39 thoughts on “Calling All Kings (And Queens)”
  1. A. You had me at crenellation.
    B. A man’s home is his ….
    C. Who would build a fortress in the Bayview? Oh wait.

    Good trade though. $330K in 2012.

  2. It’ll be delivered vacant. That’s a major value add.

    However, it seems a better idea to merge the small downstairs unit with the large upstairs unit so that you have a single family house with no rent control.

  3. Yeah saw it. The guy who brought for $330k in 2012 got an outstanding deal. I wonder what the issues where with it? Even in 2012 a decent duplex would hit $500k in BV. (Of course, I nabbed one in 2014 for that price, but I’m special 🙂 so maybe someone has the backstory on this from 2012.
    And btw, wrt castles in BV, there is a worse one on Newell, near Quesada. Street map it, you’ll see.

    1. The street is actually “Newhall”, near the intersection with Quesada. At the top of a steep hill, the ‘castle’ has a commanding view of its surrounding Bayview kingdom. I live just up the street from this grey fortress, and it’s interesting, to say the least.

      [Editor’s Note: 1540 Newhall to be exact.]

  4. I recall 2009-2010 when we were debating sub-400K houses in the BV based on how close they were from a recent murder. A price tsunami lifts all boats and suddenly crime doesn’t matter anymore. Until the next crash that is…

    1. Crime don’t matter anymore in the mission. It’s been commoditized-culturalized-hipsterized. $1400 PSF condos anyone? Lots of precious lil’uns running around. And they’re not all brown.

  5. Decent sub-300 houses in the Bayview just a few years ago. I called out the many who cried (then) that “SF is just too expensive” – what they really meant was that the really nice neighborhoods were too expensive. Not a whole lot of sympathy from me.

    A million to live here? Not for me, and I even like a few of the bars and restaurants around here. But considering places this size are going for $3M in my neighborhood now, I can’t say this price is out of line. Craaaazy.

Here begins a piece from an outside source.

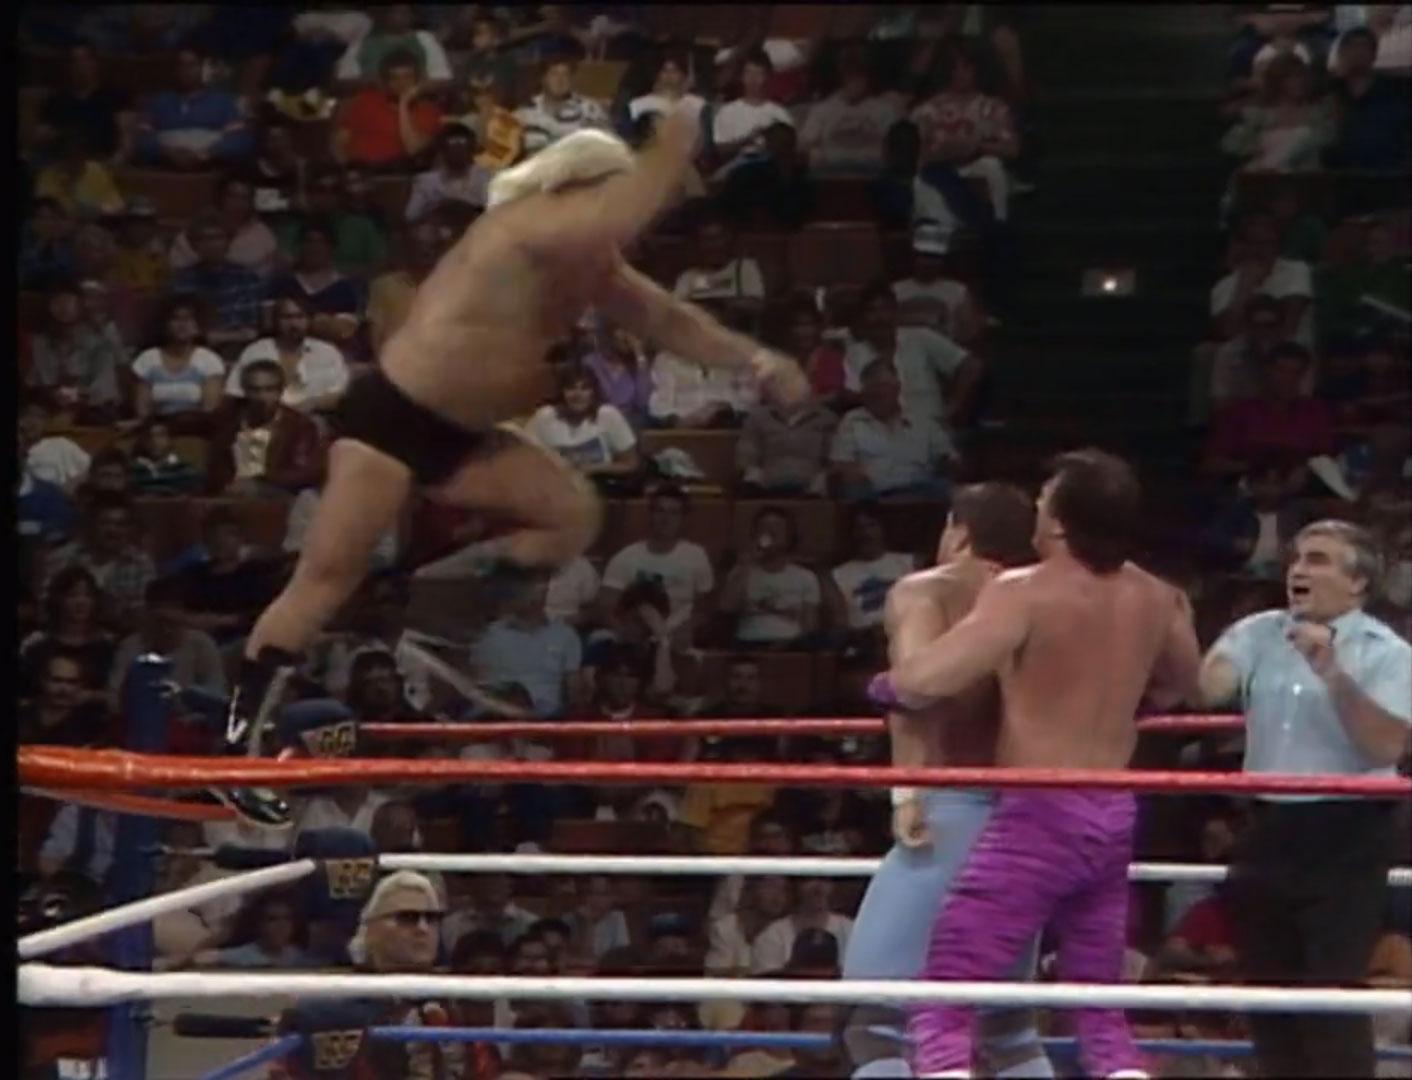 The Dream Team vs. The British Bulldog 2/3 Falls, WWF Saturday Night's Main Event October 4th, 1986

  6. Some advice for the younger generations and others who complain about housing prices in SF now:

    Buy in Bayview now,you will never regret it and you’ll become wealthy in 15 years.

    1. Tell that to the guy who bought for $880k, held on for six years and sold at $330k.
      Advice to the young’ens:
      Things are never as good as they seem during the high times, and never as bad as they seem during the low times.
      Buy low, sell high, Diversify

      1. Buy low, sell high

        Well, someone needs to buy high and sell low for this to work. That would be… that house.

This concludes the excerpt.